Questions may also be sent to the Ensembl help desk at
<http://www.ensembl.org/Help/Contact>.
NAME
Bio::EnsEMBL::Mapper
SYNOPSIS
$map = Bio::EnsEMBL::Mapper->new( 'rawcontig', 'chromosome' );
# add a coodinate mapping - supply two pairs or coordinates
$map->add_map_coordinates(
$contig_id, $contig_start, $contig_end, $contig_ori,
$chr_name, chr_start, $chr_end
);
# map from one coordinate system to another
my @coordlist =
$mapper->map_coordinates( 627012, 2, 5, -1, "rawcontig" );
DESCRIPTION
Generic mapper to provide coordinate transforms between two disjoint coordinate systems. This mapper is intended to be 'context neutral' - in that it does not contain any code relating to any particular coordinate system. This is provided in, for example, Bio::EnsEMBL::AssemblyMapper.
Mappings consist of pairs of 'to-' and 'from-' contigs with coordinates on each. Orientation is abbreviated to 'ori',
The contig pair hash is divided into mappings per seq_region, the code below makes assumptions about how to filter these results, thus the comparisons for some properties are absent in the code but implicit by data structure.
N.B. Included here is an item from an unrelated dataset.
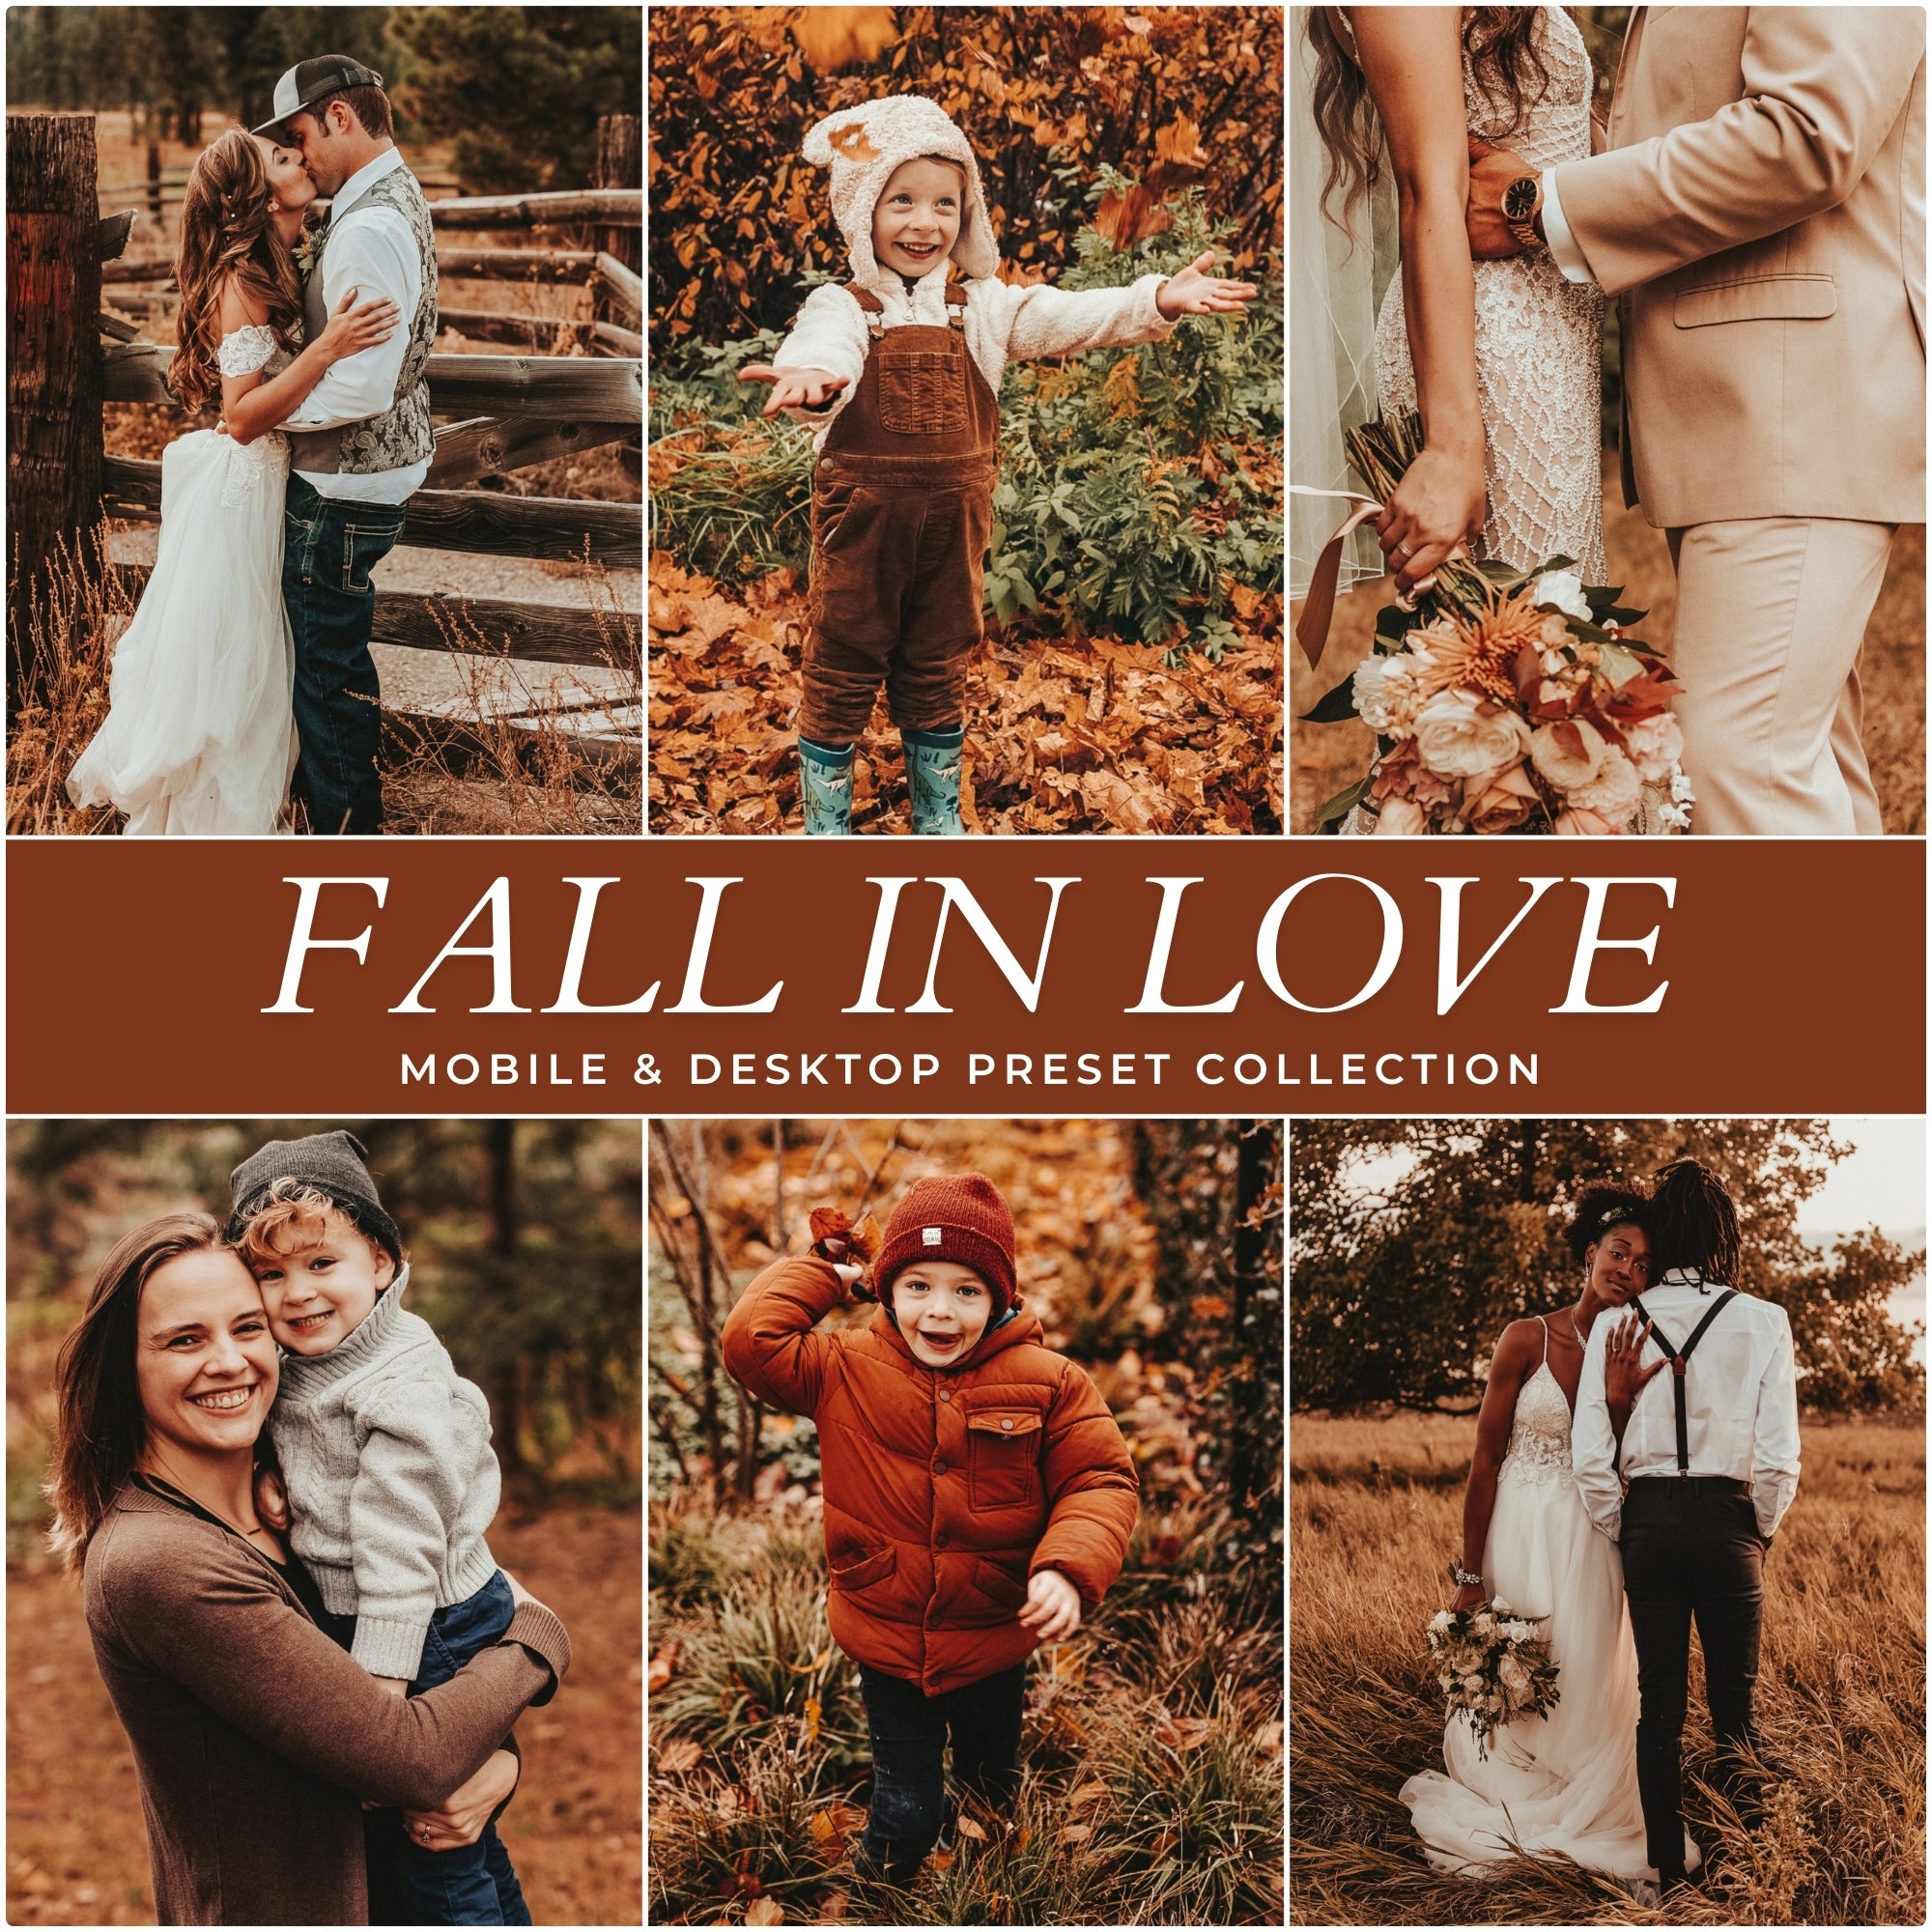 Fall In Love Lightroom Presets For Photographers and Instagram Influencers Photo Editing In Adobe Lightroom By Lou And Marks Presets

The assembly mapping hash '_pair_last' orders itself by the target seq region and looks like this:
1 => ARRAY(0x1024c79c0)
0 Bio::EnsEMBL::Mapper::Pair=HASH(0x1024d6198)
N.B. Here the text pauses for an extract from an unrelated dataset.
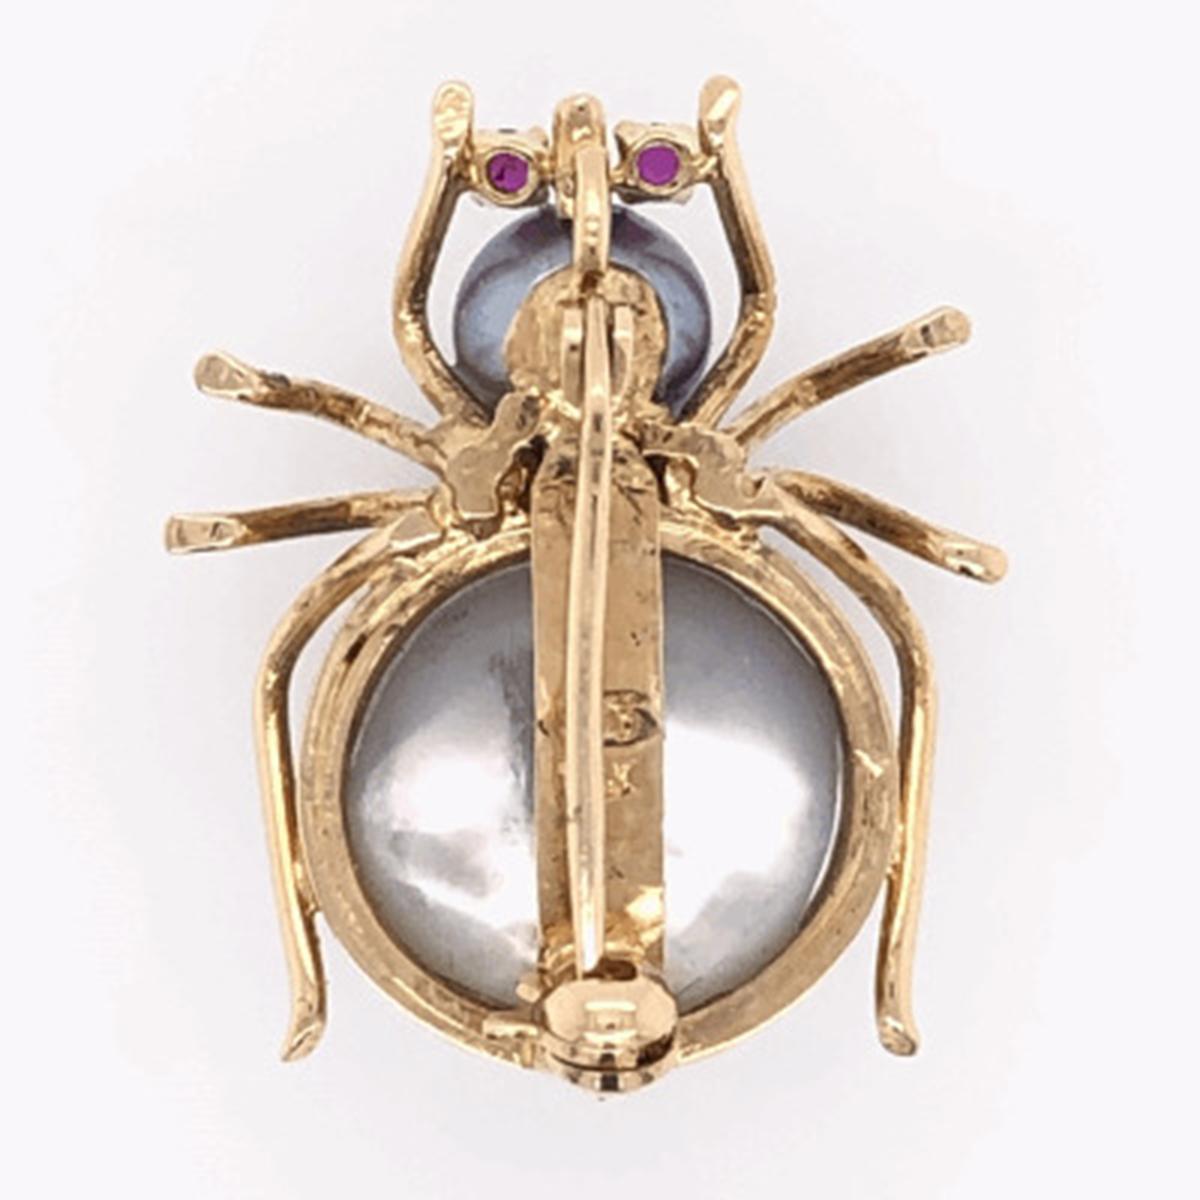 Modernist Vintage Large Pearl & Ruby Gold Spider Brooch Pin Pendant Fine Estate Jewelry

'from' => Bio::EnsEMBL::Mapper::Unit=HASH(0x1025edf98)
'end' => 4
'id' => 4
'start' => 1
'ori' => 1
'to' => Bio::EnsEMBL::Mapper::Unit=HASH(0x1025edf68)
'end' => 4
'id' => 1
'start' => 1
1 Bio::EnsEMBL::Mapper::Pair=HASH(0x1026c20f0)
'from' => Bio::EnsEMBL::Mapper::Unit=HASH(0x1025ee3a0)
'end' => 12
'id' => 4
'start' => 9
'ori' => 1
'to' => Bio::EnsEMBL::Mapper::Unit=HASH(0x1025ee370)
'end' => 4
'id' => 1
'start' => 1
2 => ARRAY(0x1025ee460)
0 Bio::EnsEMBL::Mapper::Pair=HASH(0x1025ee400)
'from' => Bio::EnsEMBL::Mapper::Unit=HASH(0x1025ee2c8)
'end' => 8
'id' => 4
'start' => 5
'ori' => 1
'to' => Bio::EnsEMBL::Mapper::Unit=HASH(0x1025ee2b0)
'end' => 4
'id' => 2
'start' => 1
1 Bio::EnsEMBL::Mapper::Pair=HASH(0x1025ee658)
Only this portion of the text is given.